== Segment start ==

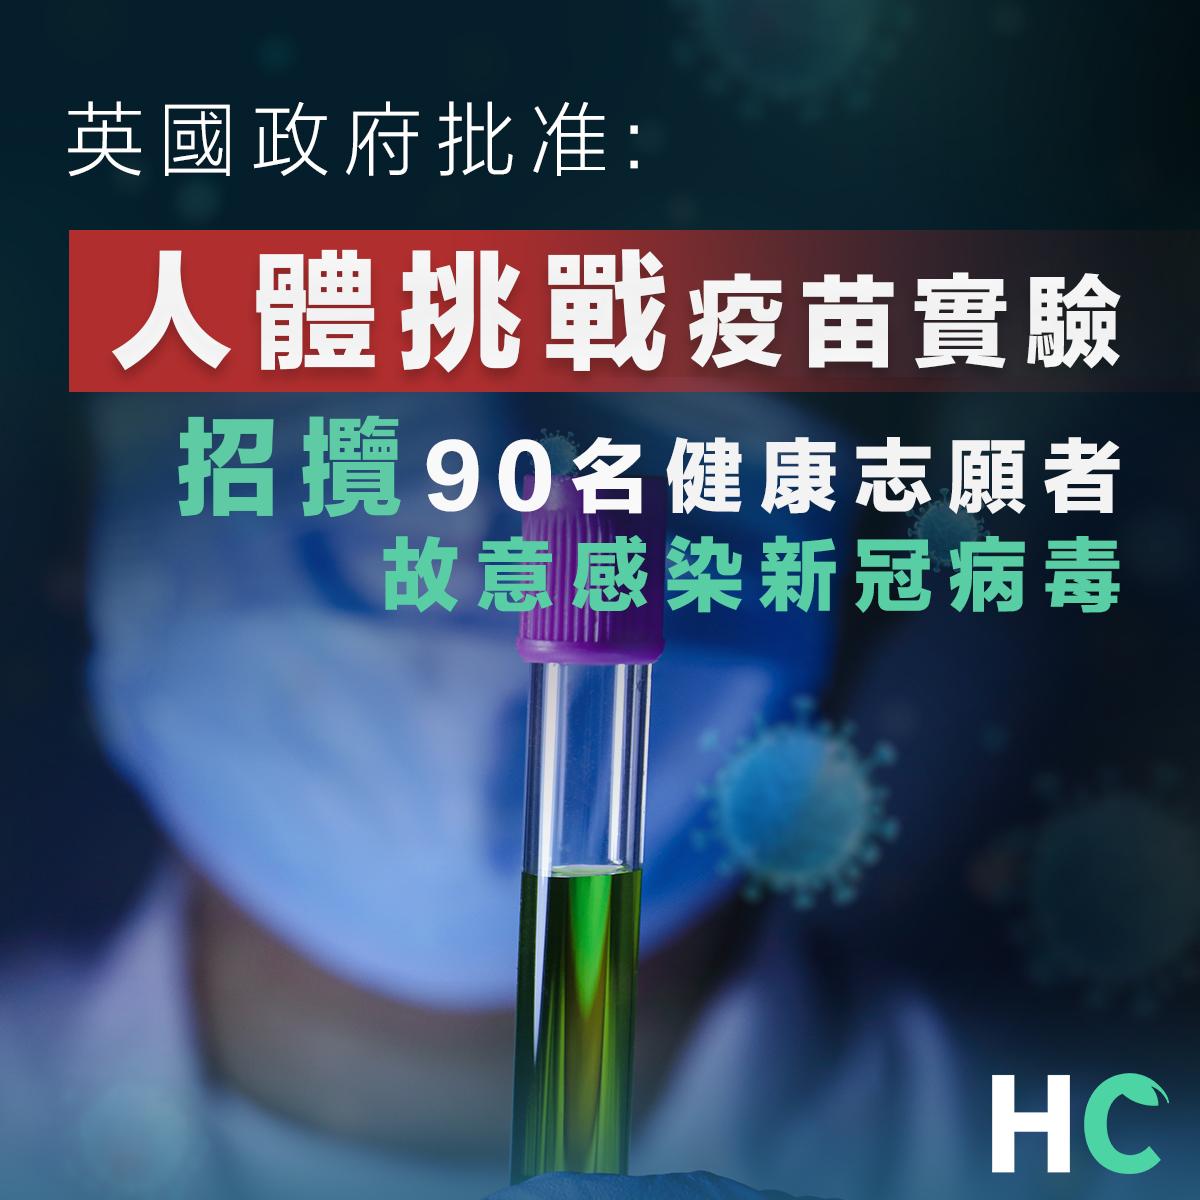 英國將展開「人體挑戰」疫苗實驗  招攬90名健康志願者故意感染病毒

== Segment end ==
== Segment start ==

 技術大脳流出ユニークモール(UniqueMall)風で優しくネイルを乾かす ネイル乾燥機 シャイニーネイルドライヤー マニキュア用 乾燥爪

== Segment end ==
== Segment start ==

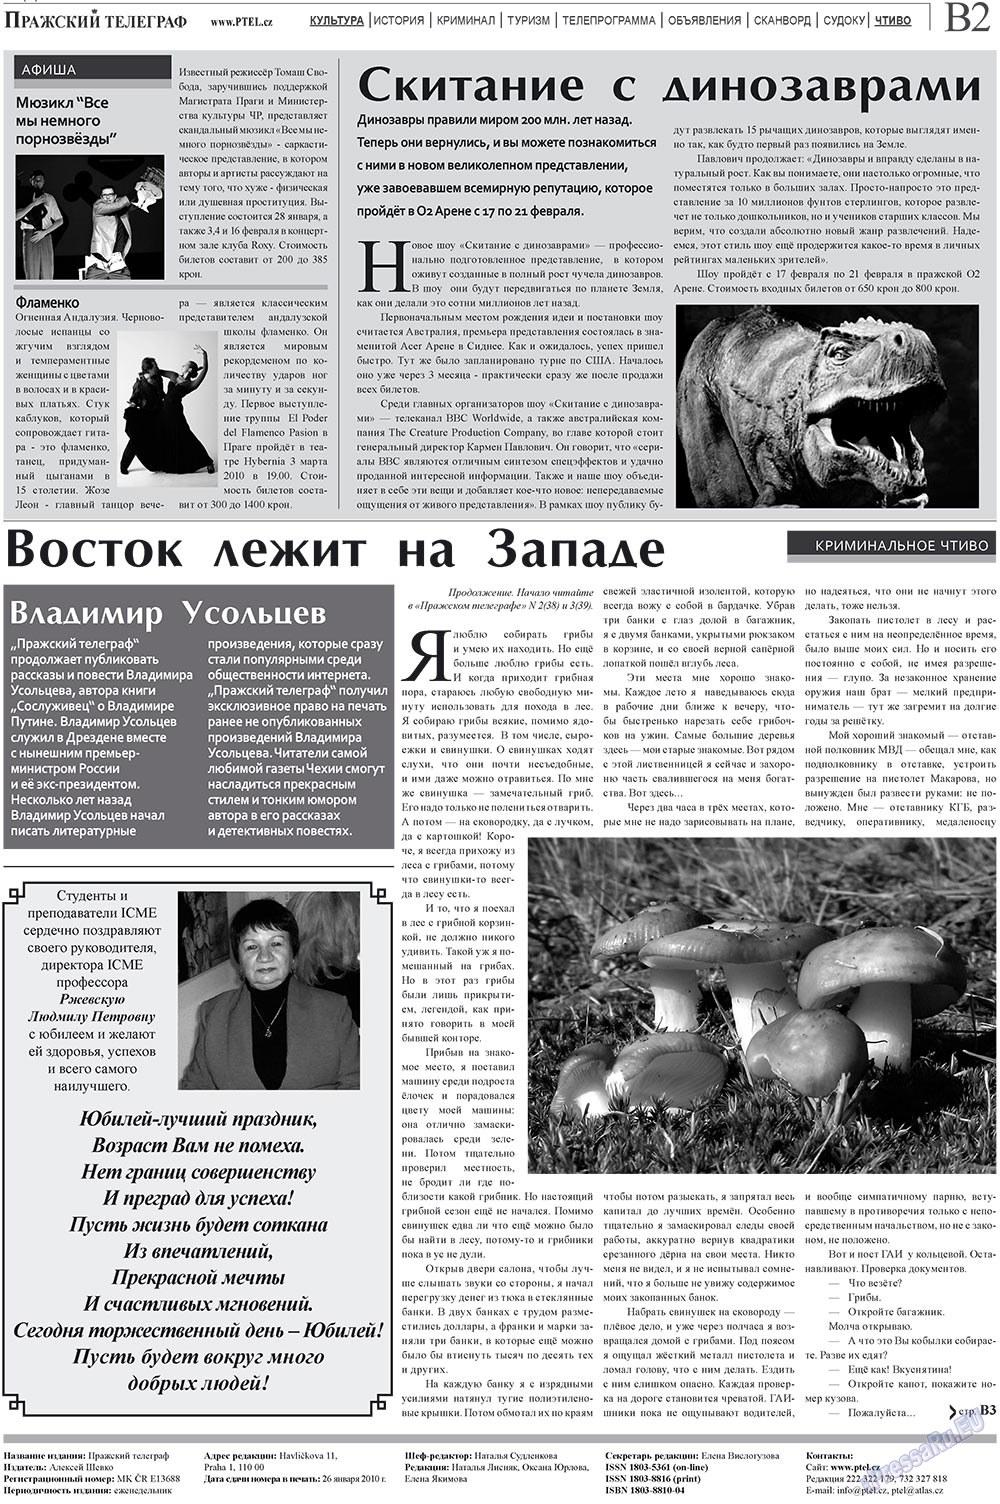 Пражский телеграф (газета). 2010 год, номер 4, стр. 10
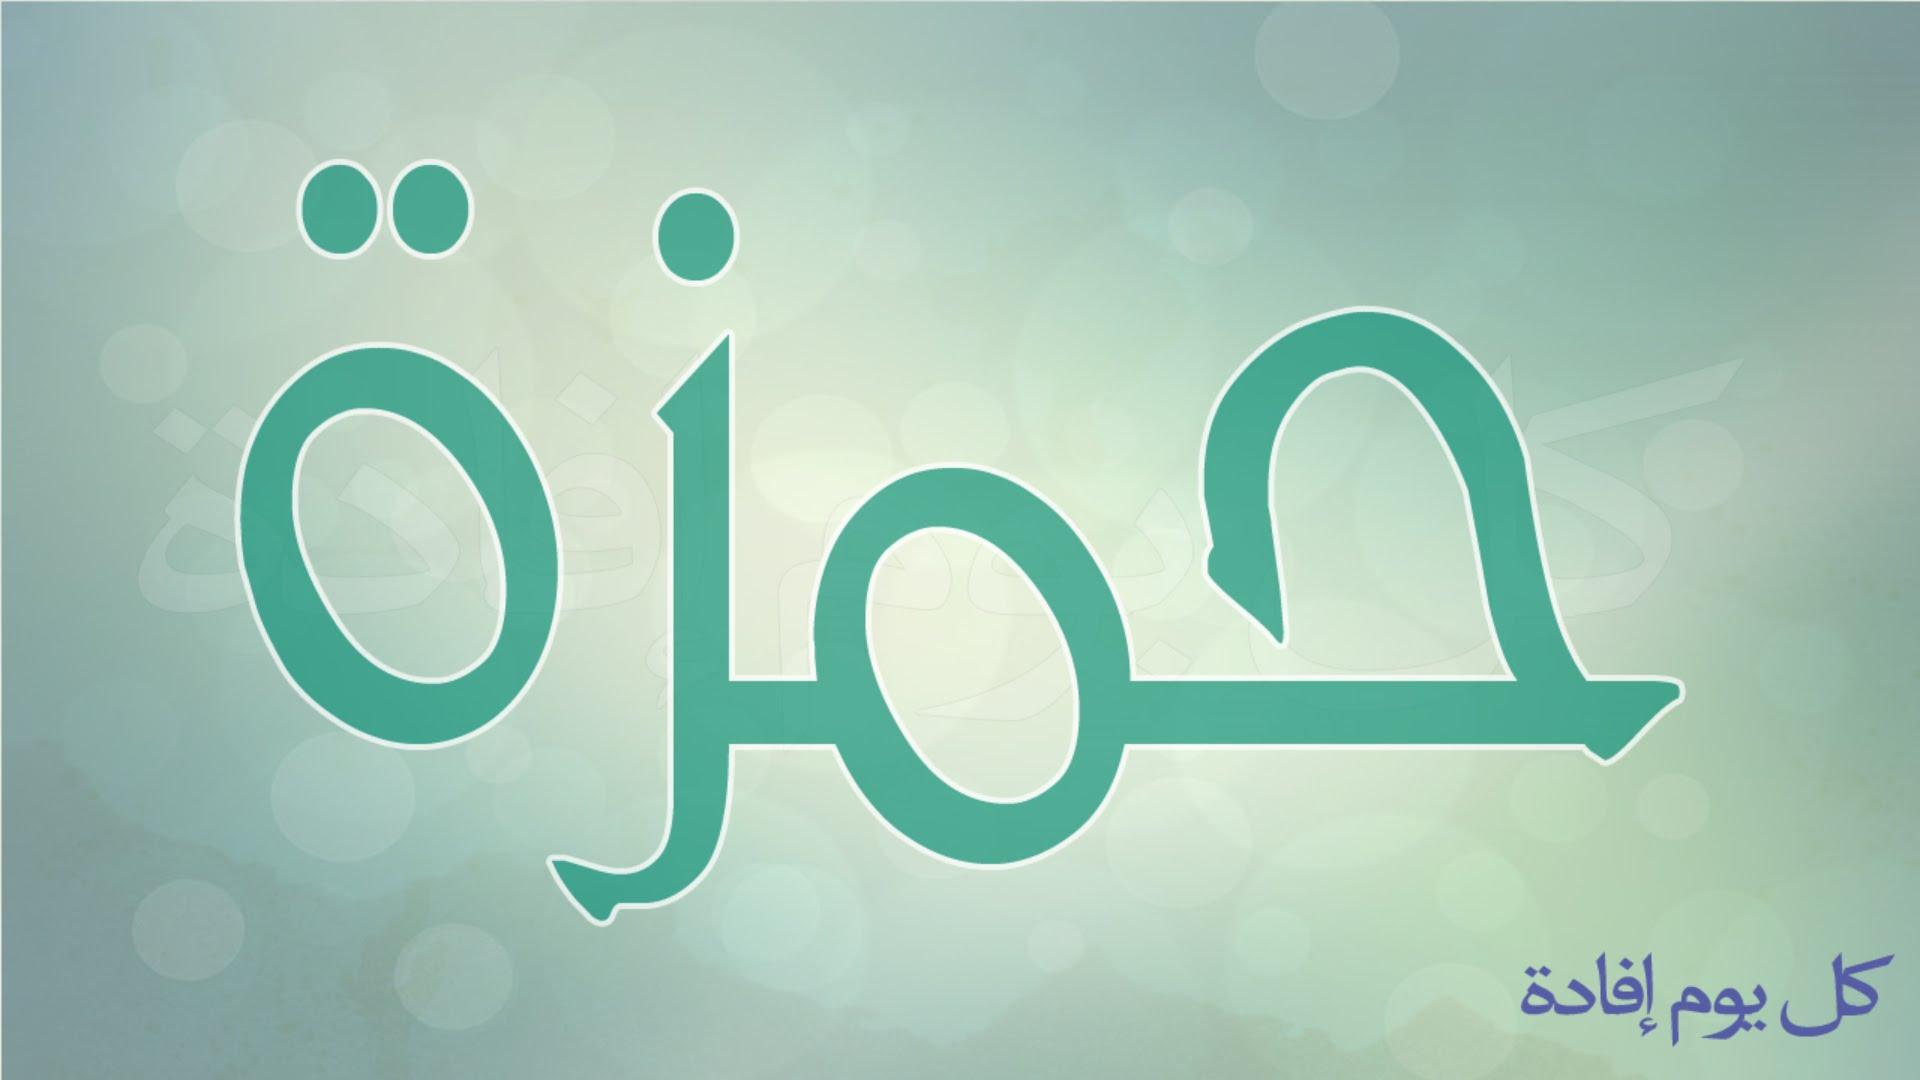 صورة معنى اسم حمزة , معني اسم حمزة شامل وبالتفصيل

== Segment end ==

What this task involves: The result should be an exact copy of only the lines above from the one that holds "Пражский телеграф (газета)." through the one that holds "صورة معنى اسم", both ends included, without pictures.

Exercise output:
 Пражский телеграф (газета). 2010 год, номер 4, стр. 10
 صورة معنى اسم حمزة , معني اسم حمزة شامل وبالتفصيل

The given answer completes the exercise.